The bus soon pulled out of the station and began the long journey back to Mafinga. We would have had a relaxing ride back, except that a man who had been drinking soon boarded the bus and insisted that he sit on the back bench with us. We greeted him in Swahili, and then we girls returned to conversing with each other in English. The man, speaking quite clear English, soon asked us why we were speaking English with each other. Didn't we know we were in Tanzania? Then why weren't we speaking only Swahili?? I tried to reason with him that when he was with his friends, didn't he speak Swahili with them, because that's what they all knew as a first language? And we all knew English as our first language, so we. He would hear none of it. Needless to say, we were much relieved to reach Mafinga and disembark on the next portion of our journey home. Only, had we known what that would entail, we may have been glad to remain on that bus a little longer!

A quick stop to purchase some fresh fruit at the market, and then we were ready to board the last dala-dala toward home.
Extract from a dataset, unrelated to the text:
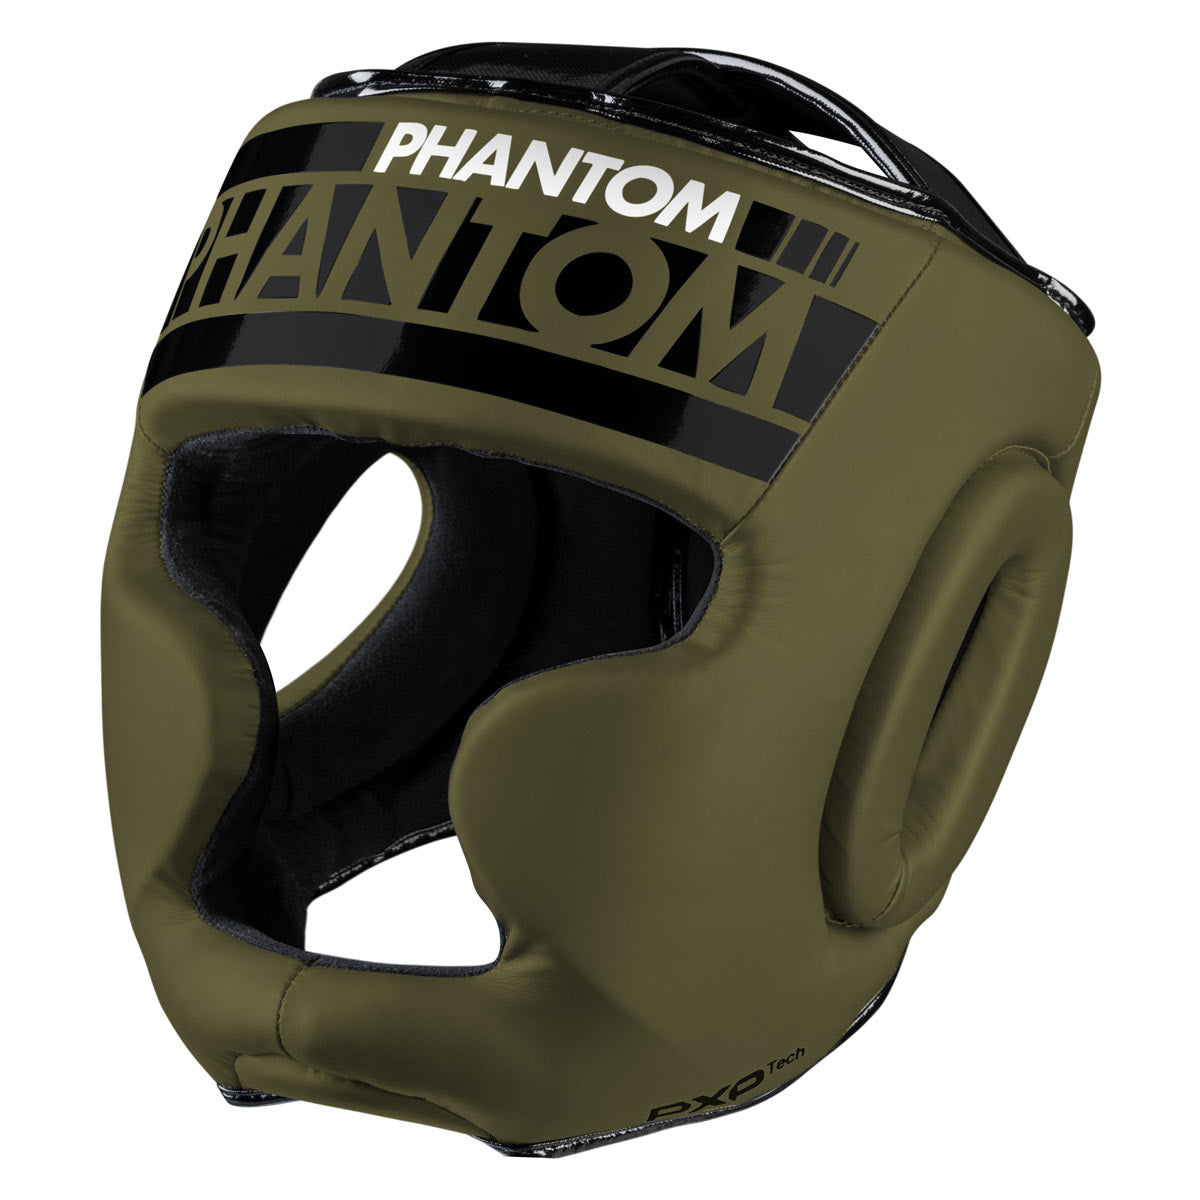 Der Phantom APEX Full Face Kopfschutz für Kampfsport

Or, we thought we were ready to board that dala-dala. every seat was taken and the aisle was crowded with passengers and heavy bags of grain. Where were we to fit? We soon found standing room, only to discover that we were not the last people to board this vessel! By the time the loaded vehicle pulled away from Mafinga, I counted forty-one people I could see and estimated about twenty more that were blocked from my view. (We later counted the number of seats to see what the maximum capacity of this vehicle was supposed to

be-twenty-one.) What a ride! The being-packed-like-sardines-ness didn't really bother me so much. What bothered me is that the windows of the dala-dalas do not open. I could picture us all fainting from lack of oxygen and it taking so long to extricate us from the bus that we wouldn't be able to be revived. One of the girls, poor thing, is claustrophobic. I don't know how she survived. People were sitting and standing on one another, belongings and purchases squeezed in any nook and cranny that a part of a person was not occupying. Because the floor of the aisle was packed with sacks of grain, I could not even stand upright, but had to bend my head to keep it from smacking the roof when we would hit a pothole. We travelled at the speed of a snail. It's a wonder the dala-dala could even move with that heavy of a load! Anytime we stopped, we prayed that no one else would be getting on, but someone getting off was almost as great an ordeal...


In order for someone to move through the bus to one of two doors, he or she must step on, over, or around about twenty other people. Then, if that person owned any large packages, those must also be found and passed from person-to-person until all that belonged to that person was safely off the bus. And so the story went for I-don't-know-how-many-hours! Once some seats had been vacated, I was able to actually sit down for a while. The air seemed a little more breathe-able, that few inches lower. I sat next to a lady and her baby. That made the time pass more quickly, as I was able to talk with and befriend them. Upon reaching the village of Matanana, everyone and everything was finally off the bus-except for us and our belongings.


Matanana is the closest village to Kibidula, and is usually the last stop of the bus, but we really hoped we wouldn't have to get off there and walk the two hours back to our house. Because there were six of us girls and another lady (Mama Temboh) who were going back to Kibidula, the driver agreed to drive us the remaining distance for 500 Tsh apiece. Certainly! I was more than willing to pay thirty cents and not have to walk two hours in the dark without a flashlight! I've never been more excited to be back to our house.


We were absolutely exhausted, hungry, and travel-worn. Upon entering the house, I discovered that some little angels had visited while I was gone and had left me some beautiful bouquets of flowers and a crayon-drawn poster that read "Happy Birthday Ashley!" I was so surprisedly-delighted. And so ended the first of my birth-days.